No entanto, a vitória do socialista democrático Zohran Mamdani nas primárias democratas em Nova York acendeu um raro entusiasmo na esquerda popular estadunidense. Com um discurso anti-imperialista e foco no custo de vida, Mamdani mobiliza a classe trabalhadora enquanto enfrenta a hostilidade aberta de republicanos e da velha guarda democrata. Entre suas principais propostas estão:

  • Moradia como direito universal: Despejo zero e construção de habitação social pública, com taxação de imóveis vazios pertencentes a grandes proprietários.
  • Saúde e transporte gratuitos: Expansão do sistema público de saúde e passe livre no transporte coletivo, financiado por impostos progressivos sobre os ricos.
  • Anti-imperialismo aberto: Corte de fundos municipais a Israel e pressão pela prisão de Benjamin Netanyahu por crimes de guerra, além de solidariedade ativa a movimentos palestinos.
  • Justiça econômica radical: Tributação de grandes fortunas, salário mínimo de US$30/hora para entregadores por aplicativo e expropriação de imóveis de grandes especuladores.

Pela primeira vez em décadas, um projeto explicitamente anti-sistêmico vence dentro do Partido Democrata, ainda que apenas nas primárias. O cenário é significativo: Nova York não é uma cidade qualquer, mas o centro financeiro e midiático dos EUA, cujas disputas políticas frequentemente ditam a agenda nacional. A eleição geral será em novembro, mas a campanha de Mamdani já rompeu o tabu do que é "aceitável" no debate político estadunidense.

As limitações do DSA (Democratic Socialists of America) são evidentes — sua estratégia eleitoral ainda opera dentro do campo reformista. Não há que se iludir com a socialdemocracia.
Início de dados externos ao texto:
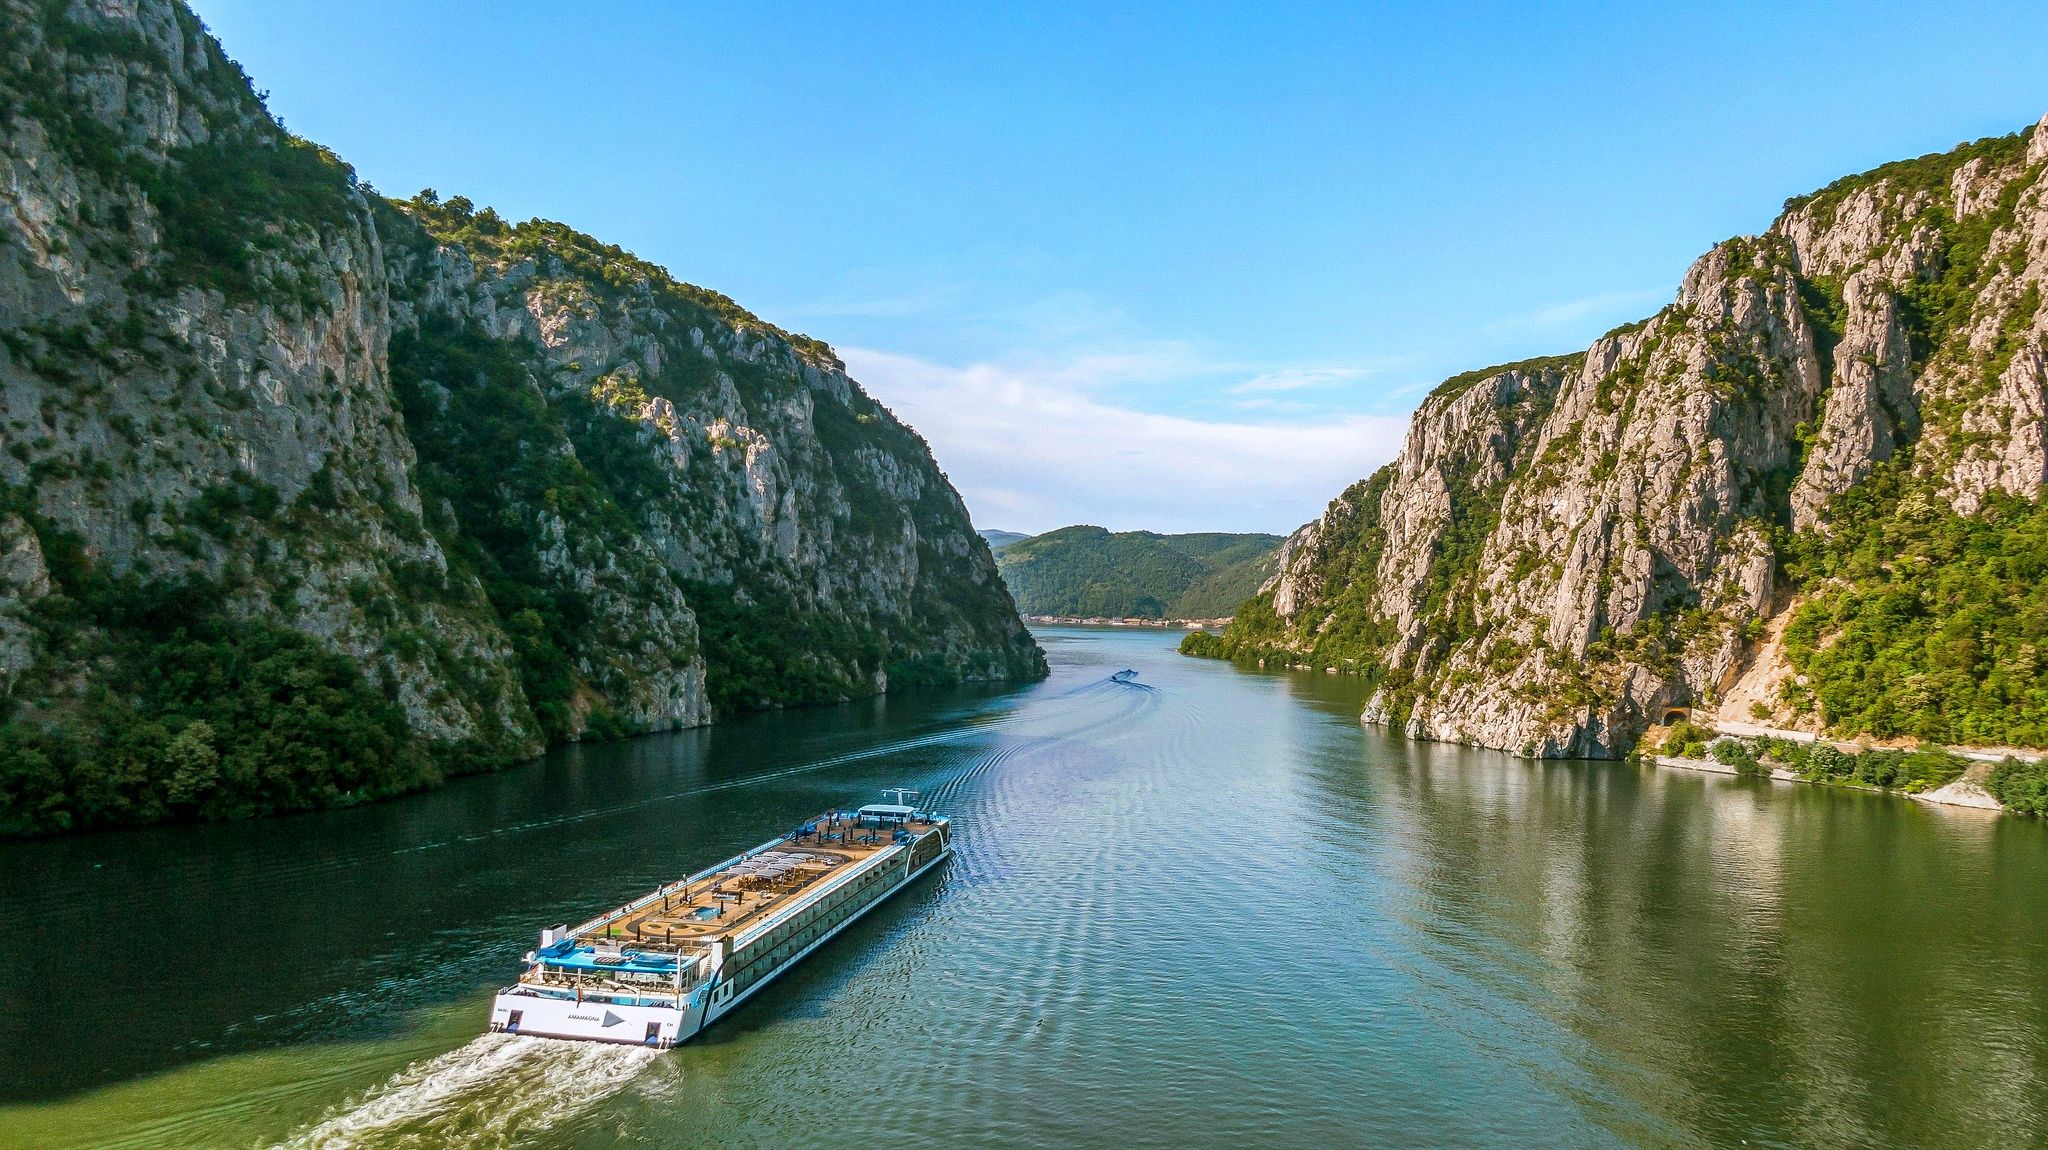 AmaWaterways waives single supplements on certain river cruises for solo sailors

No entanto, vitórias como a de Mamdani devem ser usadas como ferramenta de agitação, demonstrando que é possível desafiar o establishment.

Atento ao perigo que uma candidatura verdadeiramente popular representa, a institucionalidade do Partido Democrata já mobiliza seu arsenal habitual de ataques racistas e apelos a “ameaça comunista” contra Mamdani - tática bem ensaiada após anos sufocando qualquer projeto minimamente progressista dentro do partido. Os mesmos democratas que se vendem como bastiões do "anti-racismo" não hesitarão em atiçar a islamofobia contra o candidato, explorando sua herança muçulmana e posições anti-imperialistas. Sua oposição frontal ao regime sionista de Israel, em particular, servirá como combustível para uma campanha de difamação bipartidária, onde democratas e republicanos - tão rápidos a se digladiar em farsas parlamentares - encontrarão rara unidade no ataque a um inimigo comum: a ameaça de um socialista eleito.

O resultado desta campanha difamatória será paradoxal: ao unirem-se para atacar Mamdani, democratas e republicanos escancararão o que sempre negaram - que seu conflito político é encenação. Esta união reacionária deve servir como prova definitiva da impossibilidade de reformar o Partido Democrata, reforçando a necessidade de construir uma alternativa política independente do duopólio capitalista.

É crucial entender que Zohran não é um revolucionário, mas o mesmo impulso que derrotou Cuomo — o governador reacionário forçado a renunciar após escândalos — pode se tornar o fermento para um movimento radical que desestabilize a institucionalidade burguesa nos EUA. Sua vitória expõe uma tendência de rejeição à democracia liberal num momento em que o capitalismo estadunidense, pela força de suas próprias contradições, sofre imensa pressão interna.

O grande desafio dos comunistas será canalizar esse crescente sentimento anti-sistêmico — hoje majoritariamente capturado pelo fascismo de Trump — para um projeto verdadeiramente classista e revolucionário. A alternativa é clara: ou se avança como força revolucionária, iliberal e radical ou o fascismo consolidará seu domínio sobre o descontentamento popular.